»»

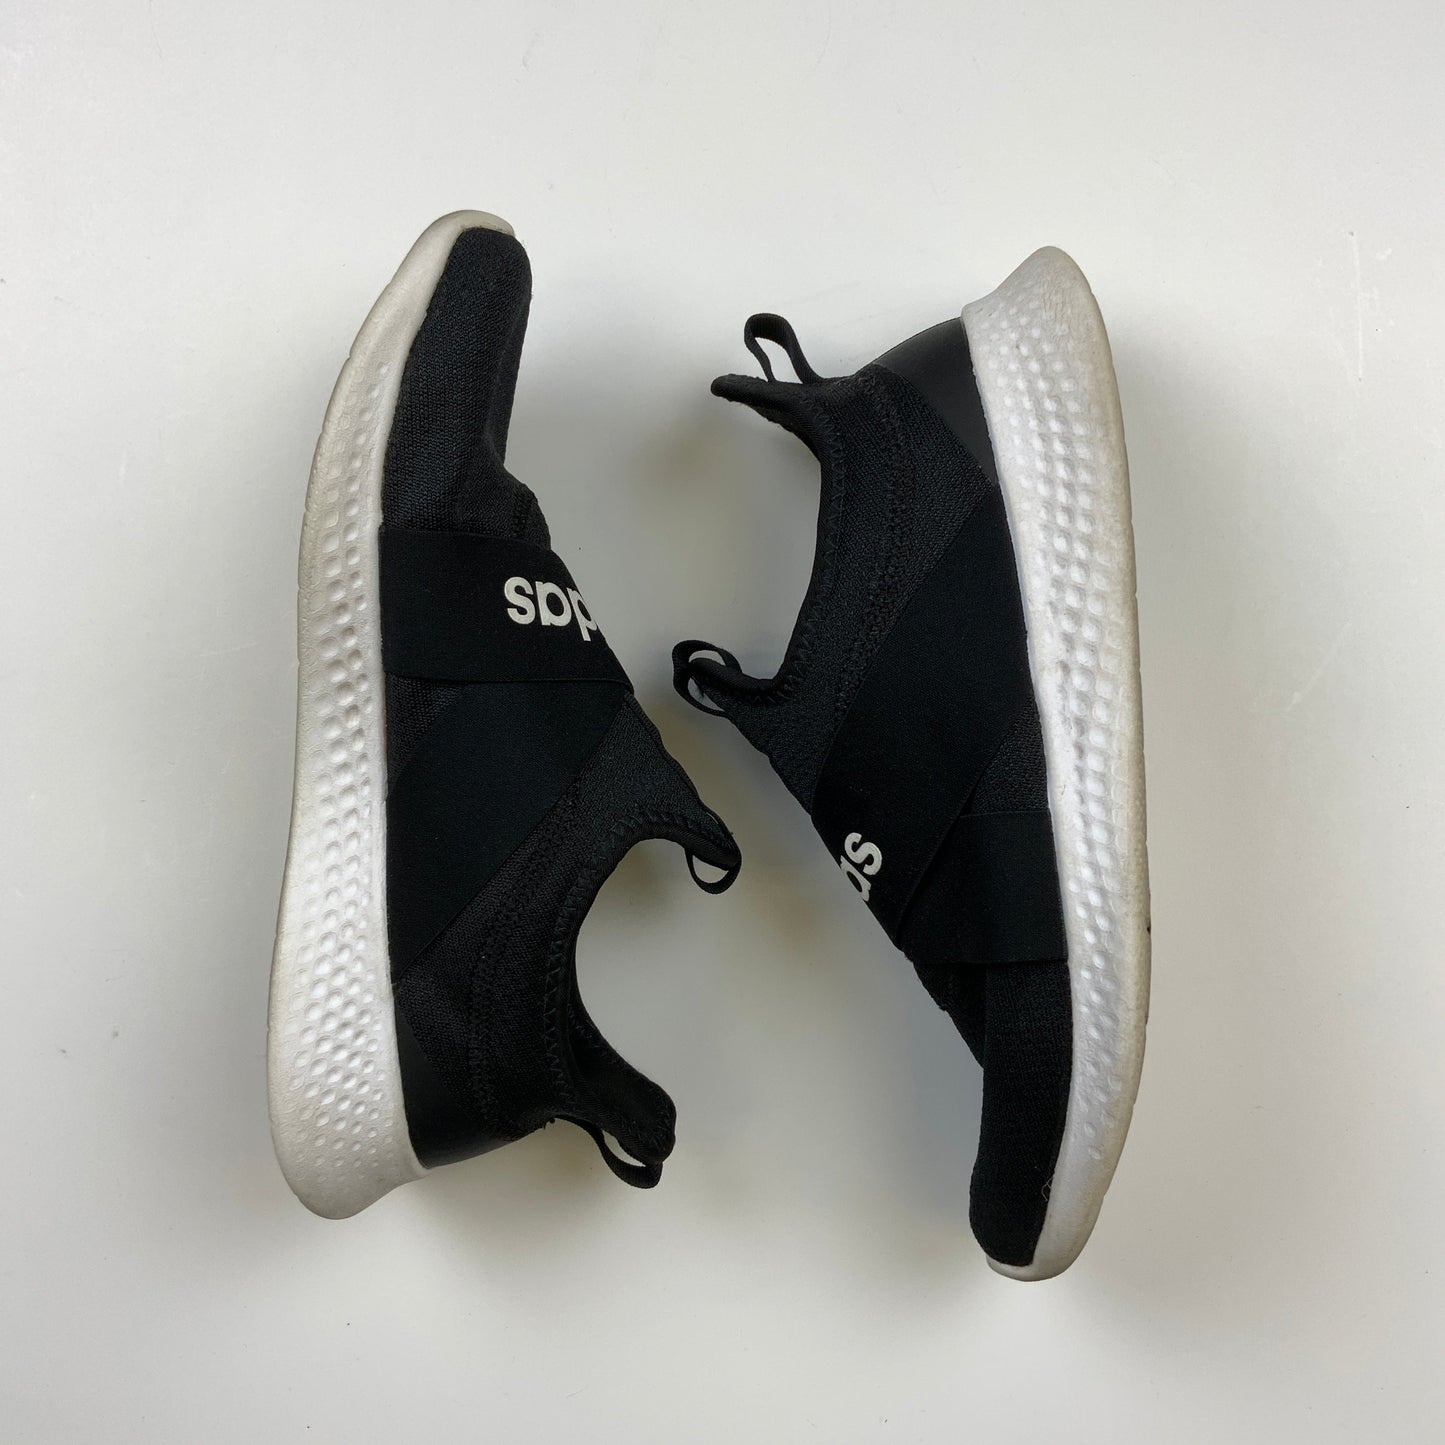 Black & White Shoes Athletic Adidas, Size 10
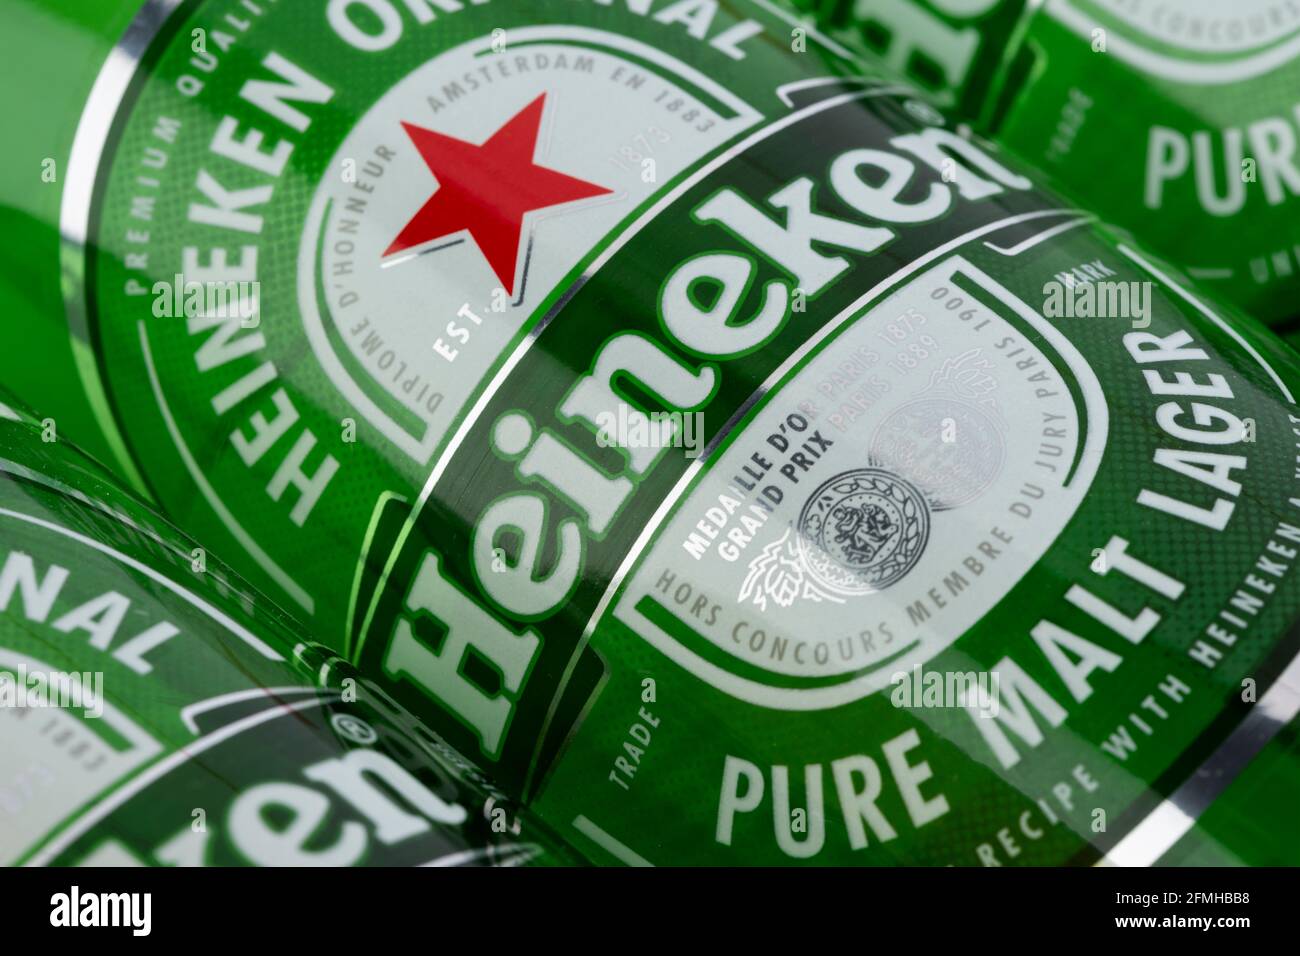 Le logo de la marque néerlandaise Heineken tel qu'il est indiqué sur une étiquette apposée sur l'une des bouteilles de bière de la société. Banque D'Images
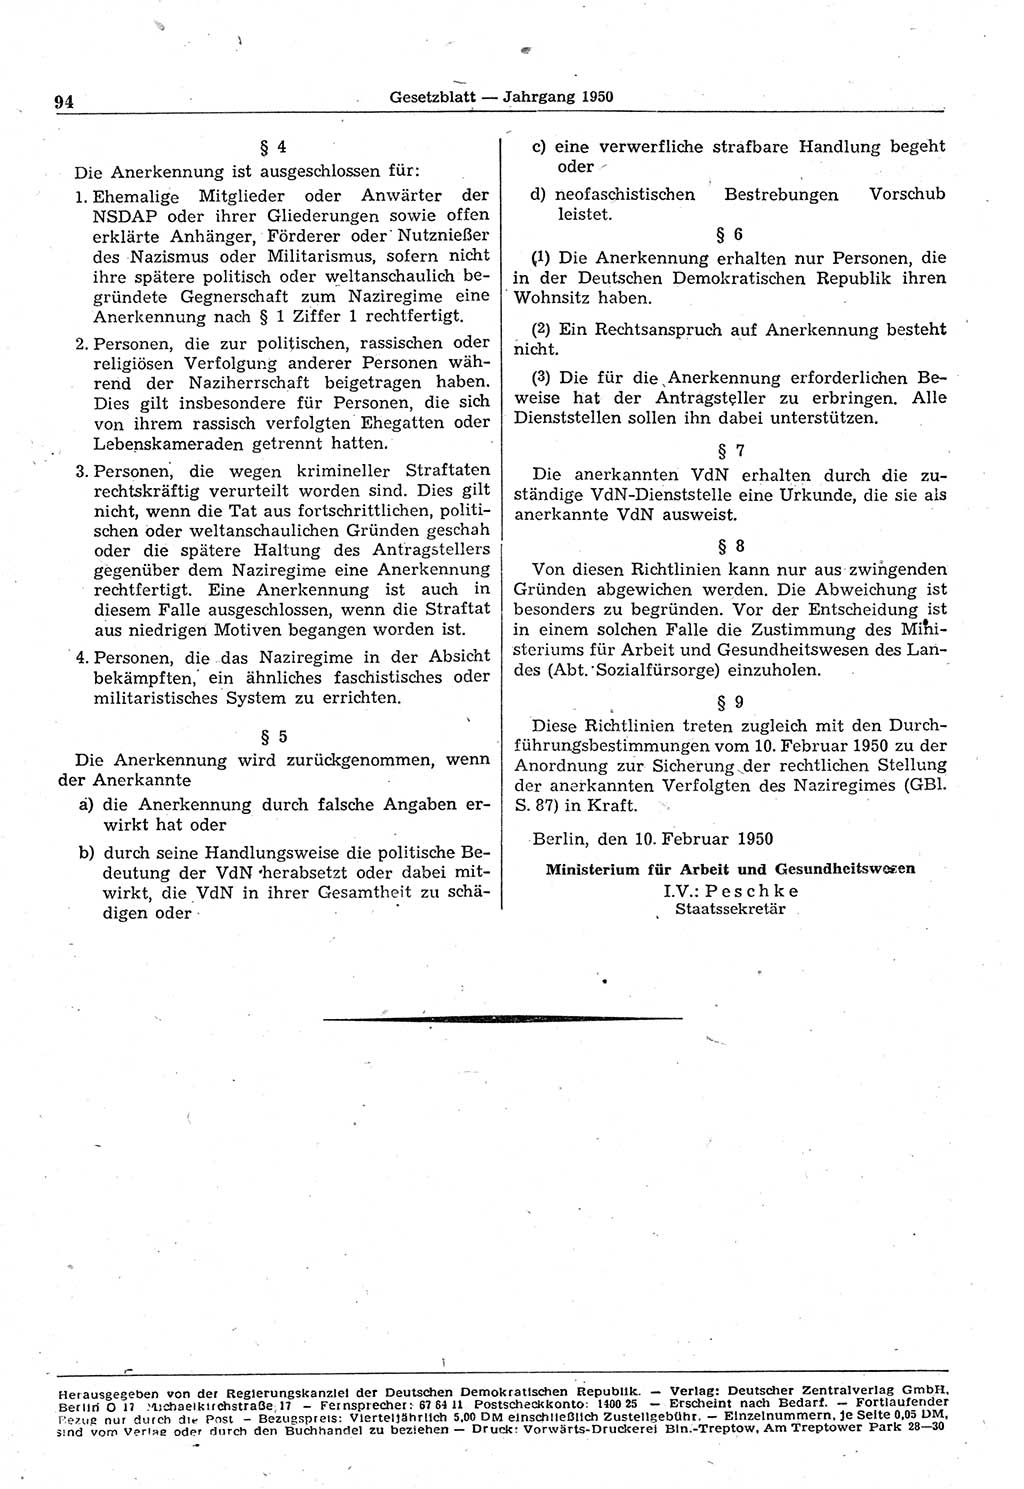 Gesetzblatt (GBl.) der Deutschen Demokratischen Republik (DDR) 1950, Seite 94 (GBl. DDR 1950, S. 94)

««

Reproduce the entire listing above precisely, but keep the images out.

 Black & White Shoes Athletic Adidas, Size 10
 Le logo de la marque néerlandaise Heineken tel qu'il est indiqué sur une étiquette apposée sur l'une des bouteilles de bière de la société. Banque D'Images
 Gesetzblatt (GBl.) der Deutschen Demokratischen Republik (DDR) 1950, Seite 94 (GBl. DDR 1950, S. 94)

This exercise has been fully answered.